The office was exactly what I'd expected and nothing like it. Filing cabinets lined the walls, overflowing with papers that had clearly been stuffed rather than organized. A desk sat by the window, buried under ledgers and loose invoices and a laptop that looked like it had been abandoned mid-spreadsheet.Sawdust covered everything in a fine layer, giving the whole space a sense of gentle neglect.

“It's a disaster,” Daniel said, following my gaze. “I know. Our last accountant was either incompetent or stealing from us, possibly both. I've been doing the books myself for three months, which means they're probably worse now than when I started.”

“Probably?”

“Definitely.” He almost smiled. “Numbers aren't my strong suit.”

I walked to the desk, picked up one of the ledgers, flipped through pages of entries that ranged from meticulous to barely legible. “You write like you're angry at the paper.”

“It keeps fighting back.”

An actual laugh surprised out of me. Daniel's eyes crinkled at the corners, and for a moment the weight he carried seemed lighter.

“Okay,” I said. “Let me take these home.

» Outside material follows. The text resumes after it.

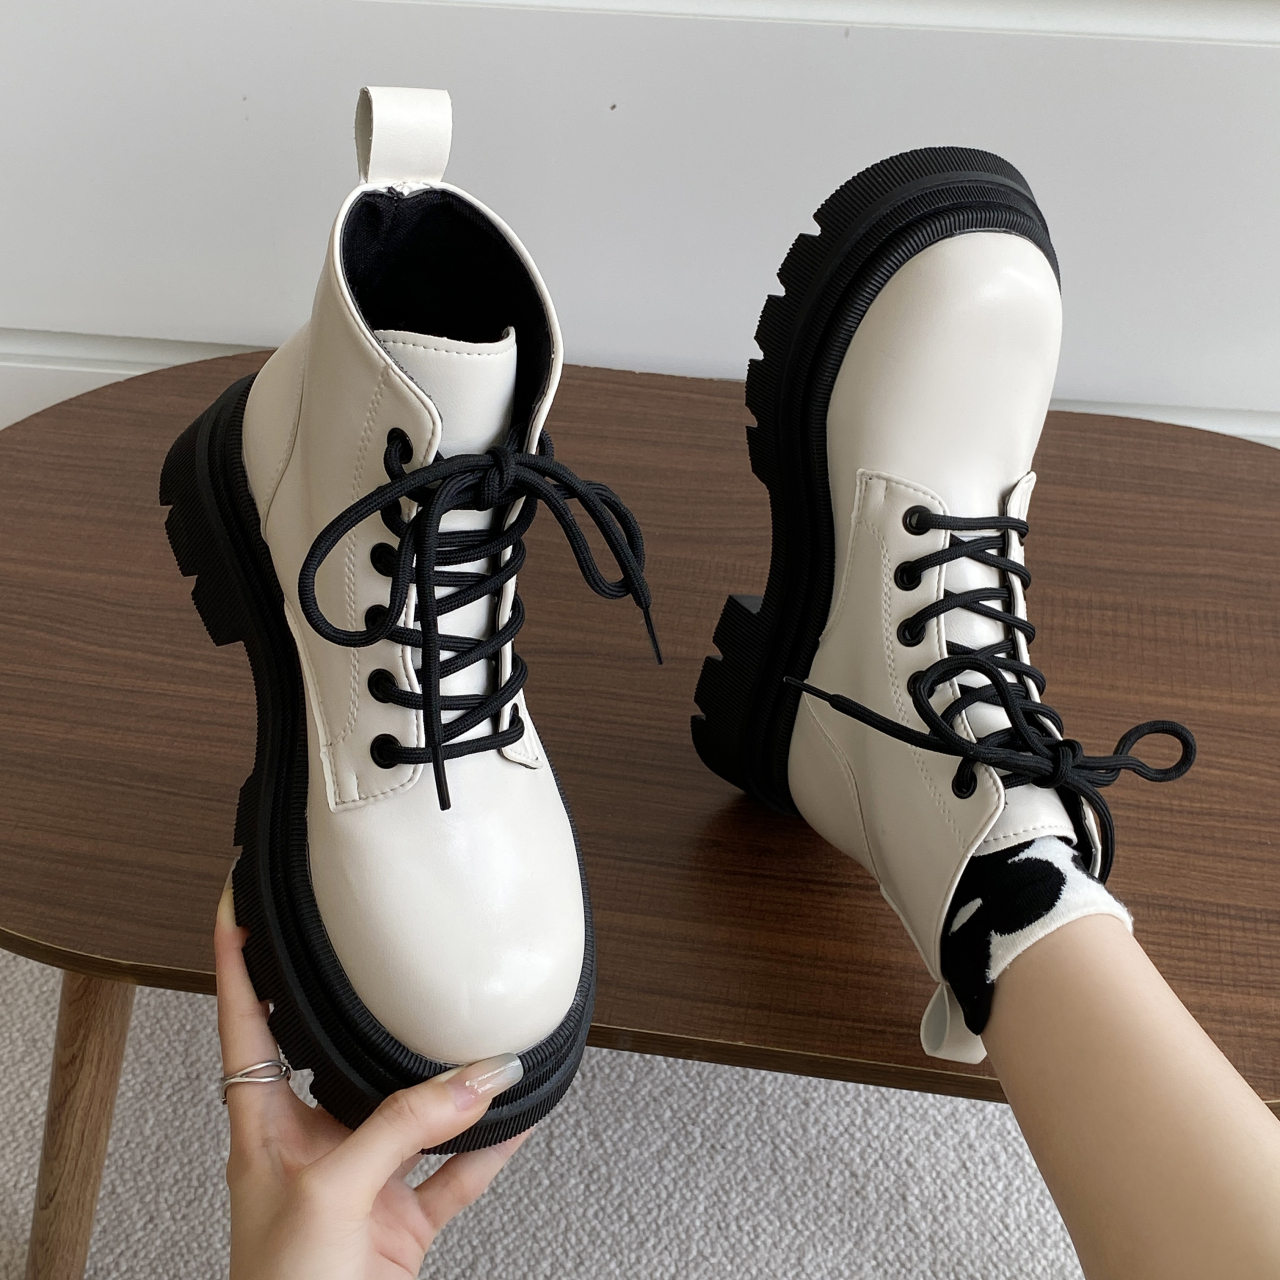 Chunky Platform Combat Boots For Women Autumn Winter Pu Leather Ankle Booties Women Punk Thick Bottom Non Slip Motorcycle Boots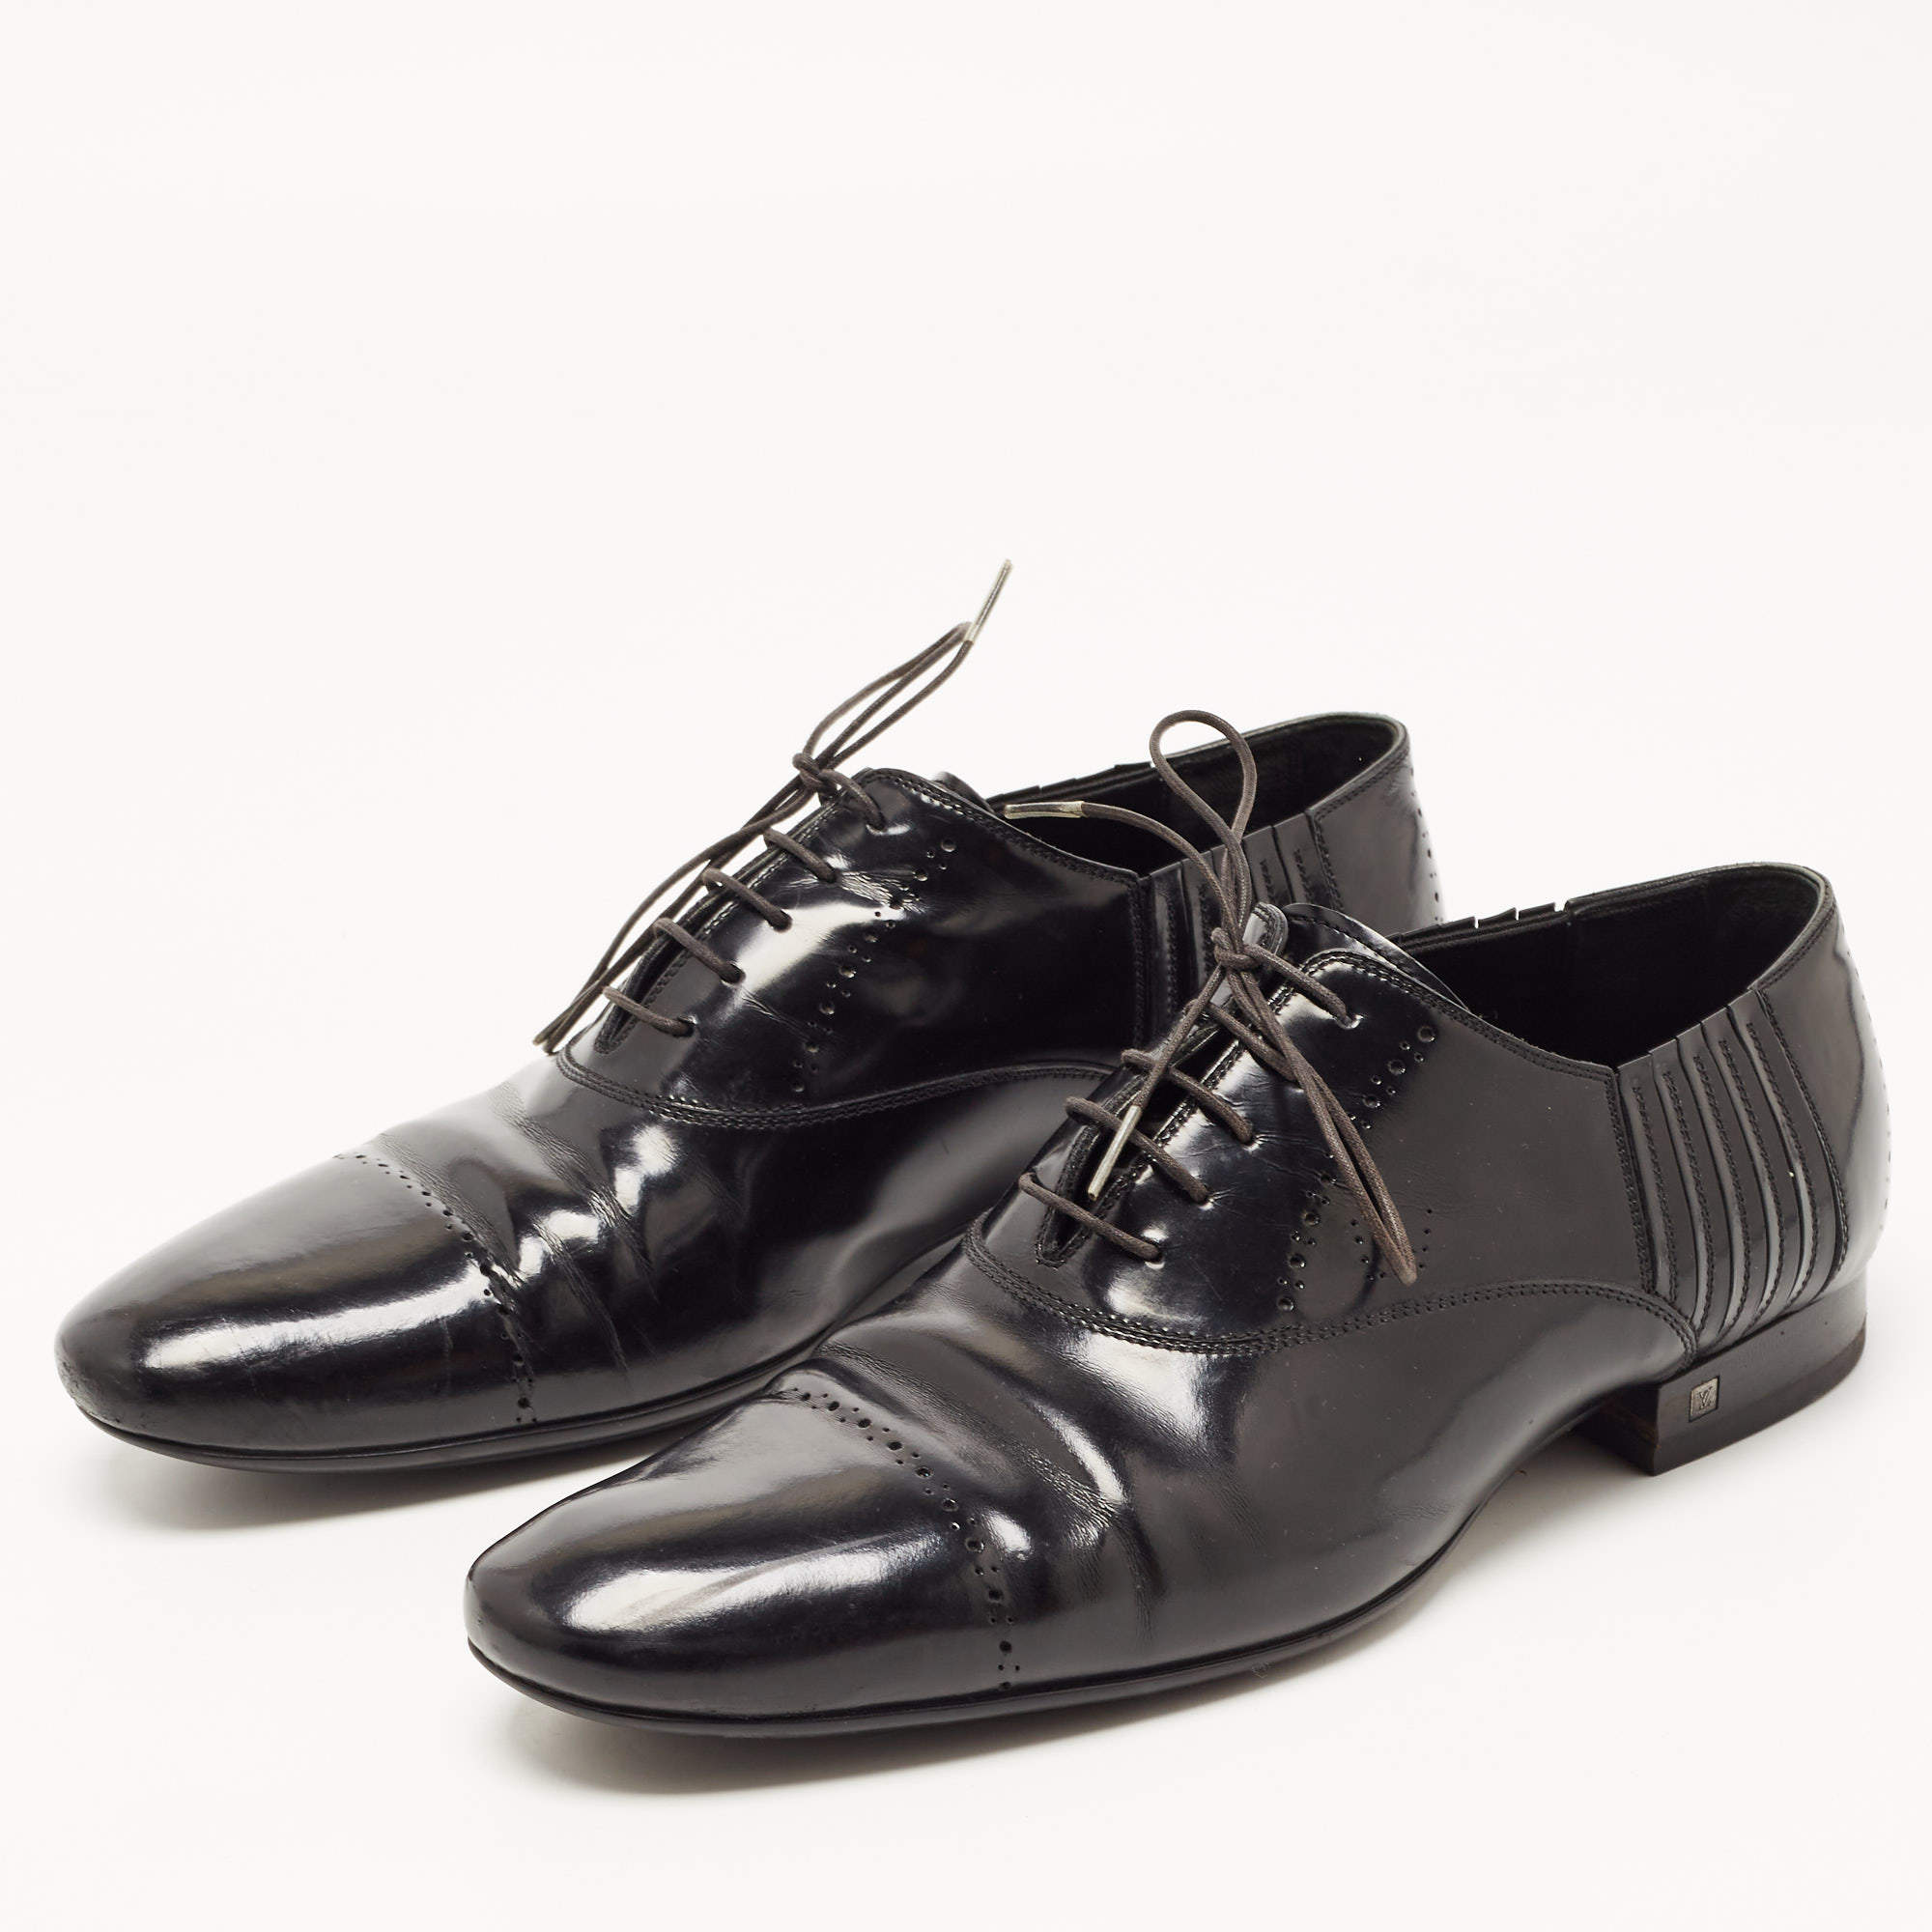 LOUIS VUITTON TEAM DERBY SHOES 7 41 SNEAKERS IN LEATHER AND BLACK

Give me a few days to sort through everything, figure out what's actually wrong versus what's just disorganized. Then we can talk about whether this job makes sense.”

“Take whatever you need.” Daniel gestured at the filing cabinets. “I'll get you boxes.”

We spent the next two hours going through records, pulling files, sorting through three years of financial chaos. Daniel stayed close, answering questions when I had them, explaining the mill's operations in more detail when something in the numbers didn't make sense.

His arm brushed mine when we both reached for the same folder.

Electricity. That's what it felt like. A spark that shot from the point of contact straight through my chest, made something twist low in my stomach.

I pulled back. Too fast. Obvious.

Daniel didn't say anything. Just handed me the folder with an expression I couldn't quite read.

“Sorry,” I muttered. “Still getting my bearings.”